Assignment — The required output is a verbatim transcription of the listing, pictures excluded.

Given records —
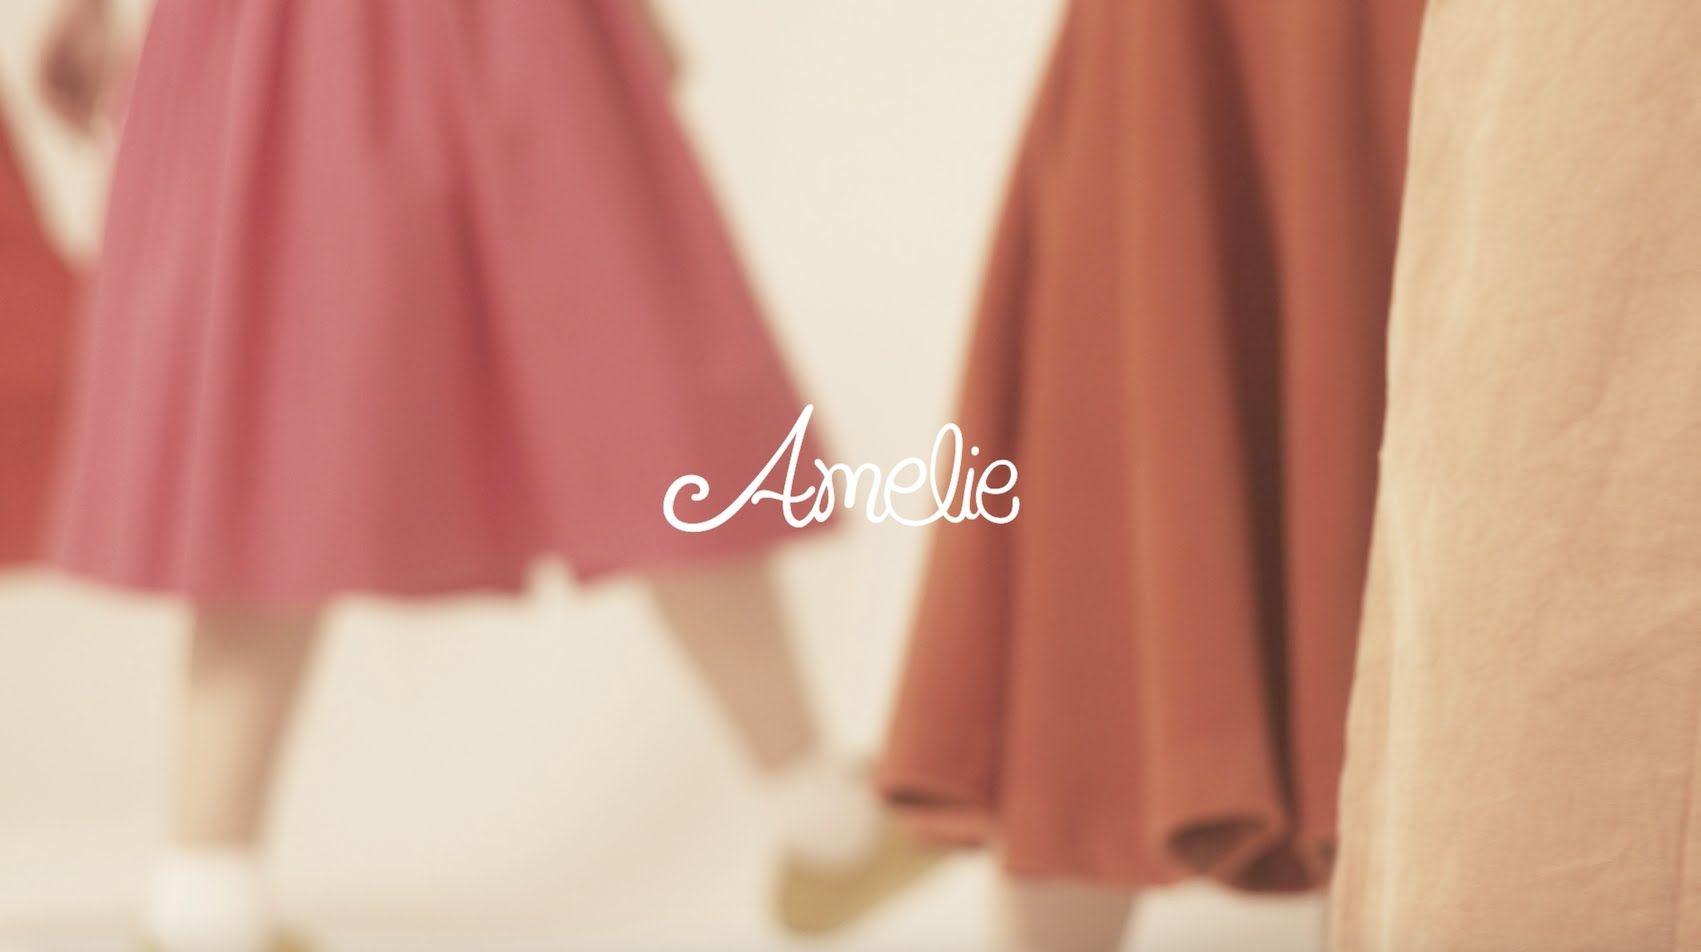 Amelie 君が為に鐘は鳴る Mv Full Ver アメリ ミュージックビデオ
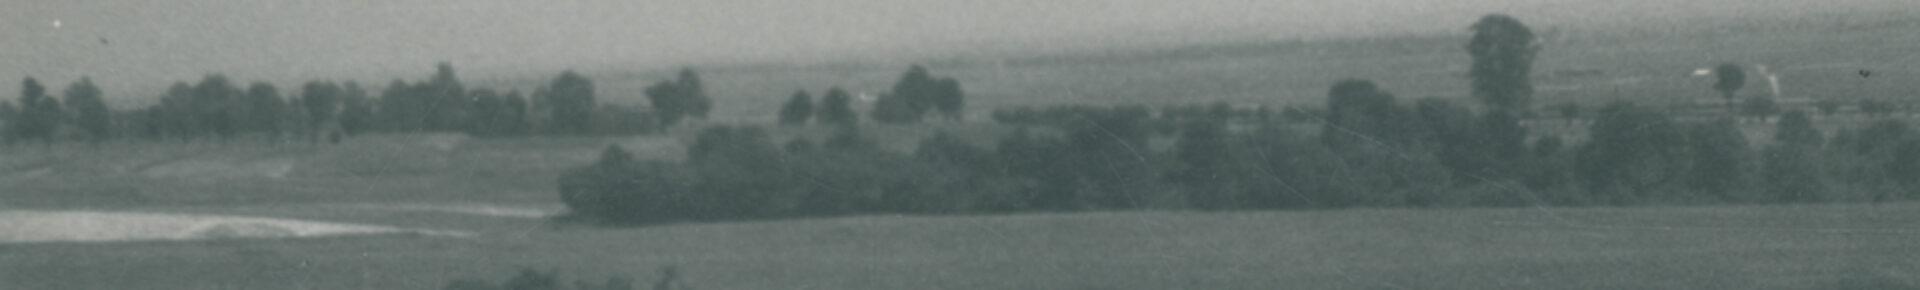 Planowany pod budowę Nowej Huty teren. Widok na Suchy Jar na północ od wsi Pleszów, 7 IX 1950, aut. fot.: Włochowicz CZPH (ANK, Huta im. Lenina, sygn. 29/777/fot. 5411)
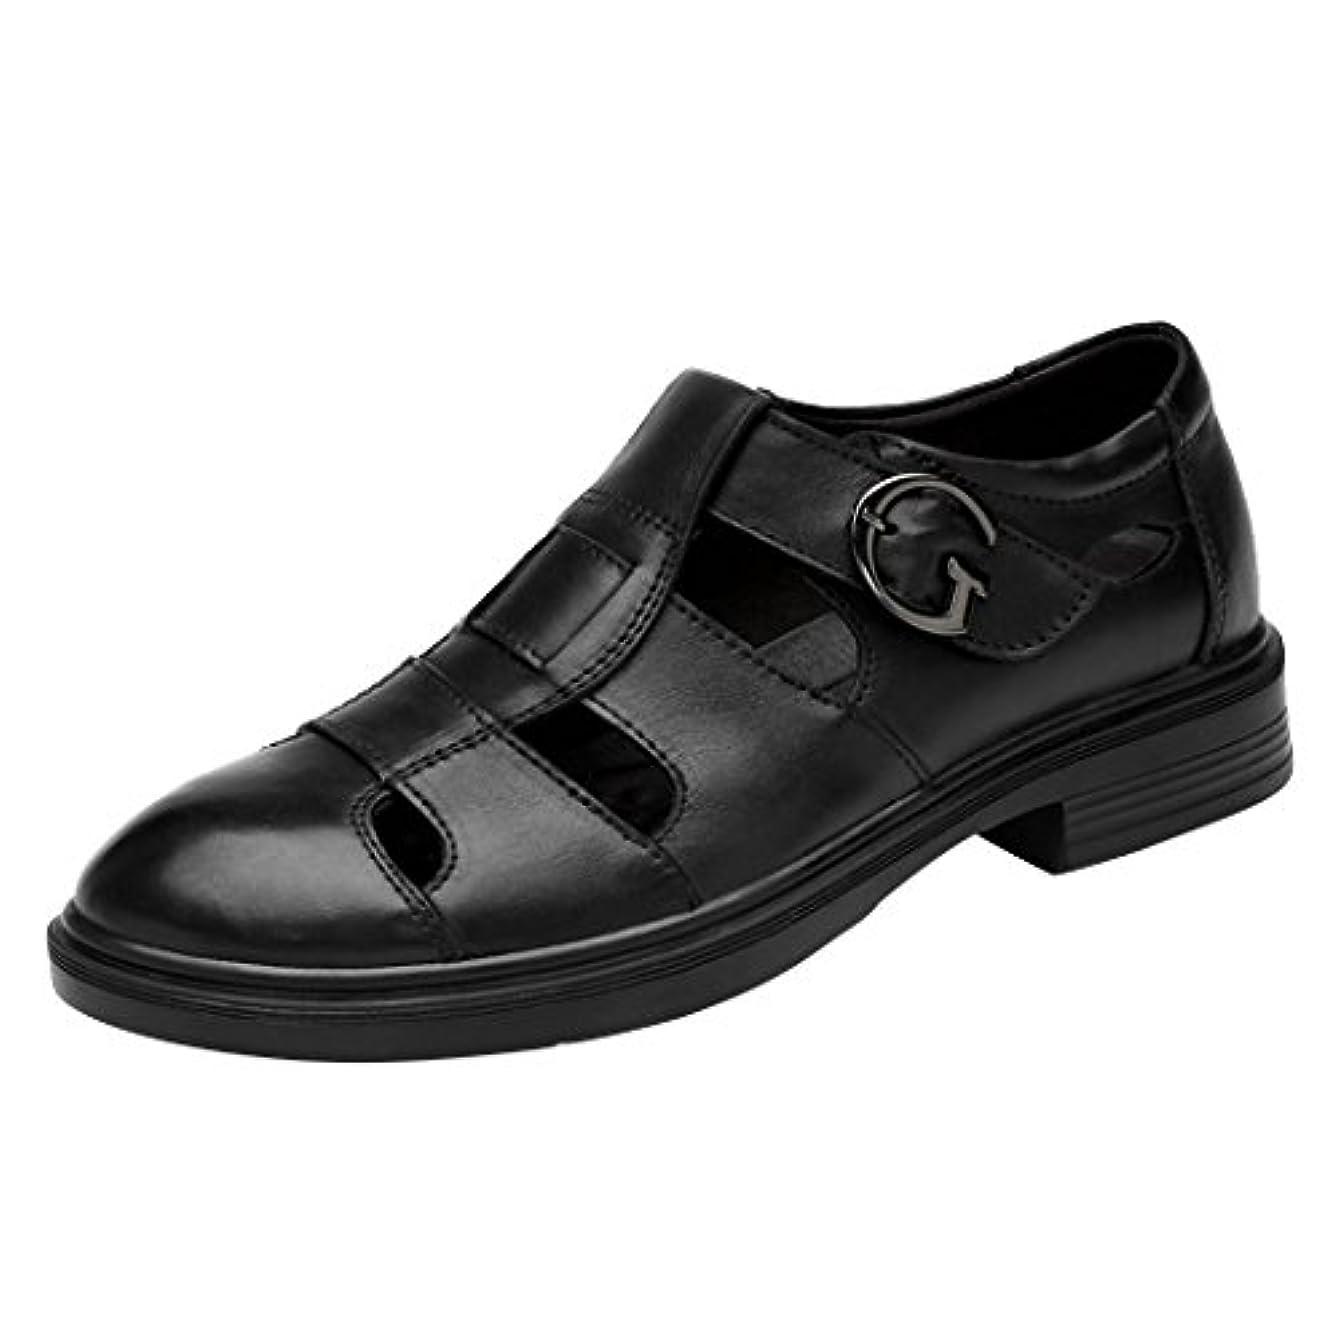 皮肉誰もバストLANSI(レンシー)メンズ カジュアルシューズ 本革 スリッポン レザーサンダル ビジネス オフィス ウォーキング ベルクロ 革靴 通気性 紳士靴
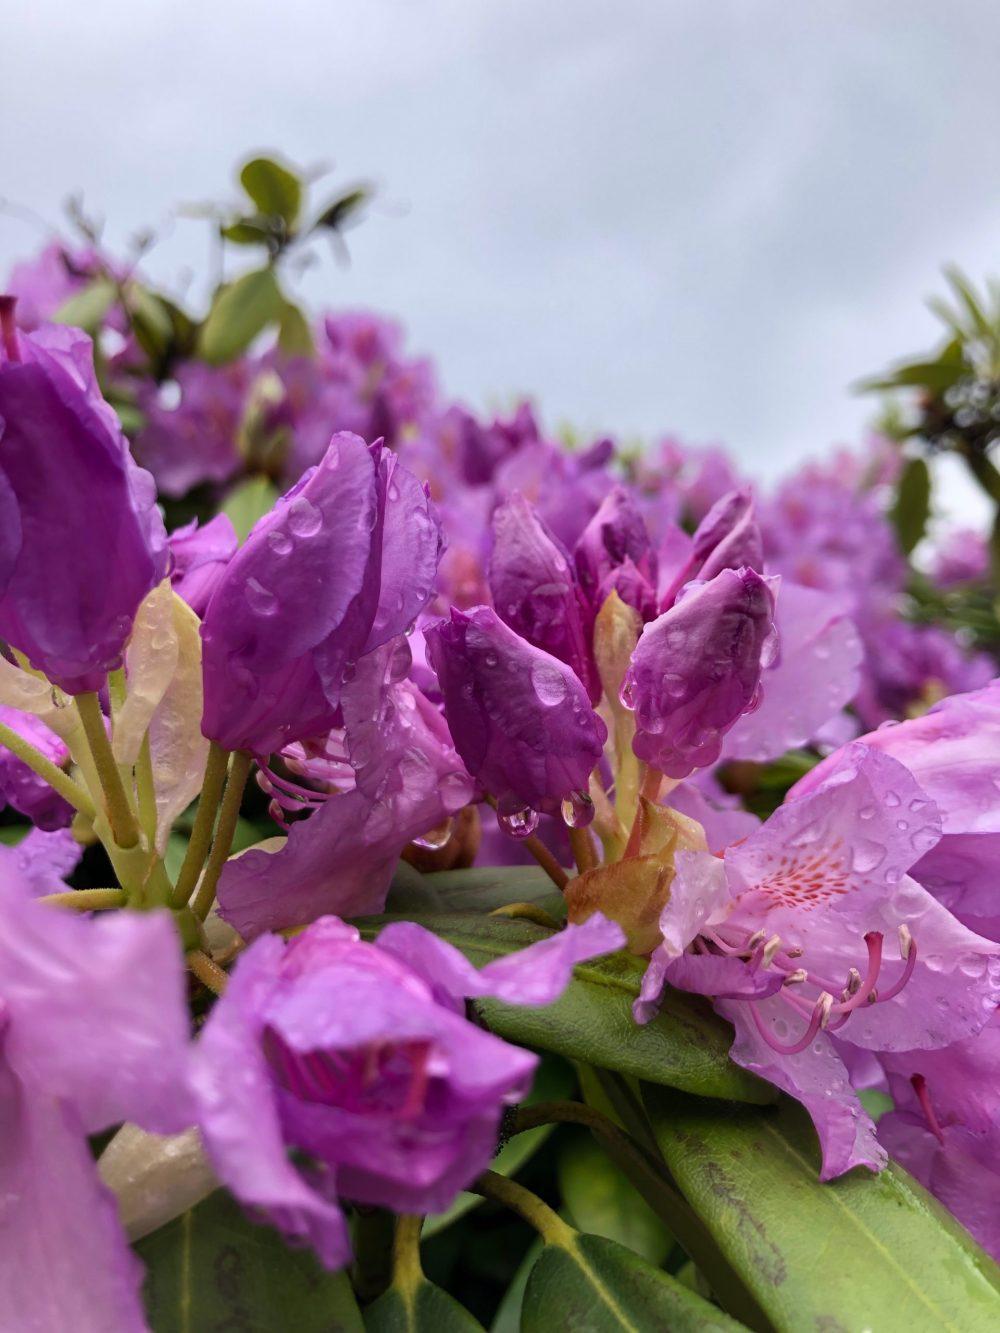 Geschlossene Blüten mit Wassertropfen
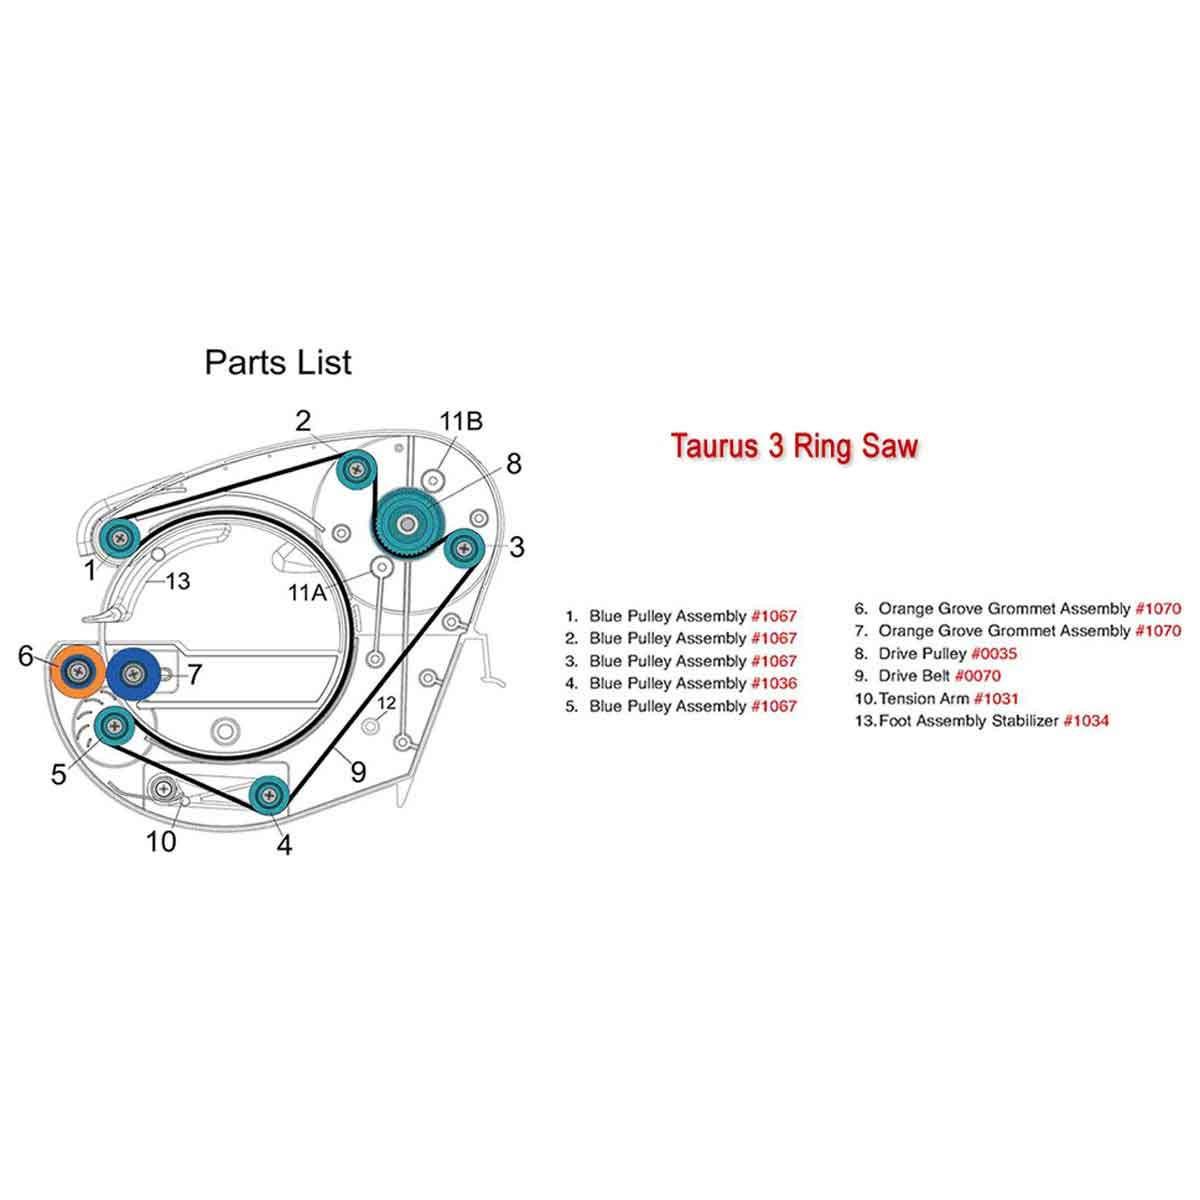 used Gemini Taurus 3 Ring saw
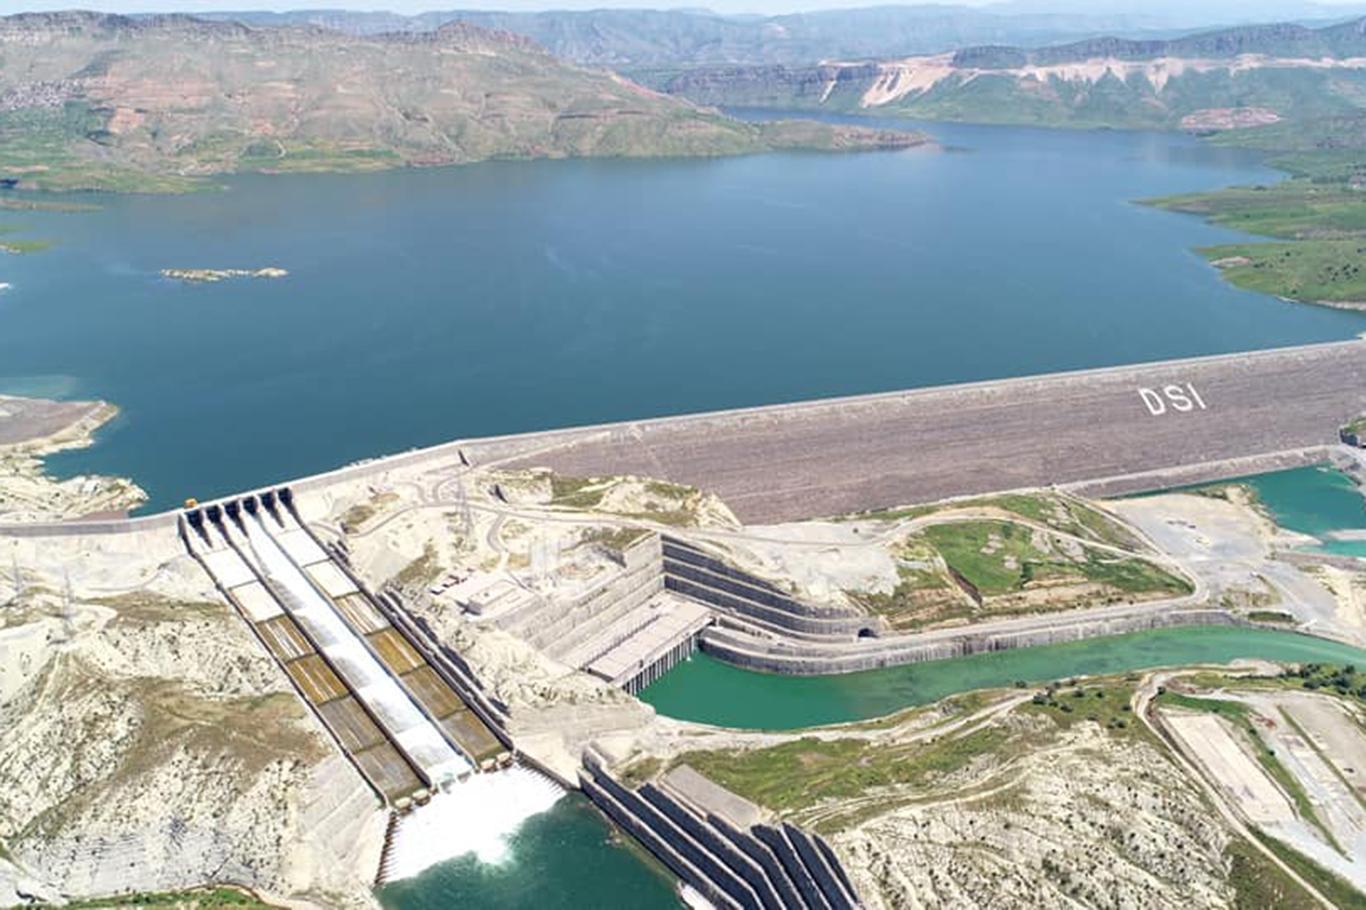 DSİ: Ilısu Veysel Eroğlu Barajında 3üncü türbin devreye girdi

Result of this task —
 Amelie 君が為に鐘は鳴る Mv Full Ver アメリ ミュージックビデオ
 Planowany pod budowę Nowej Huty teren. Widok na Suchy Jar na północ od wsi Pleszów, 7 IX 1950, aut. fot.: Włochowicz CZPH (ANK, Huta im. Lenina, sygn. 29/777/fot. 5411)
 皮肉誰もバストLANSI(レンシー)メンズ カジュアルシューズ 本革 スリッポン レザーサンダル ビジネス オフィス ウォーキング ベルクロ 革靴 通気性 紳士靴
 Geschlossene Blüten mit Wassertropfen
 used Gemini Taurus 3 Ring saw
 DSİ: Ilısu Veysel Eroğlu Barajında 3üncü türbin devreye girdi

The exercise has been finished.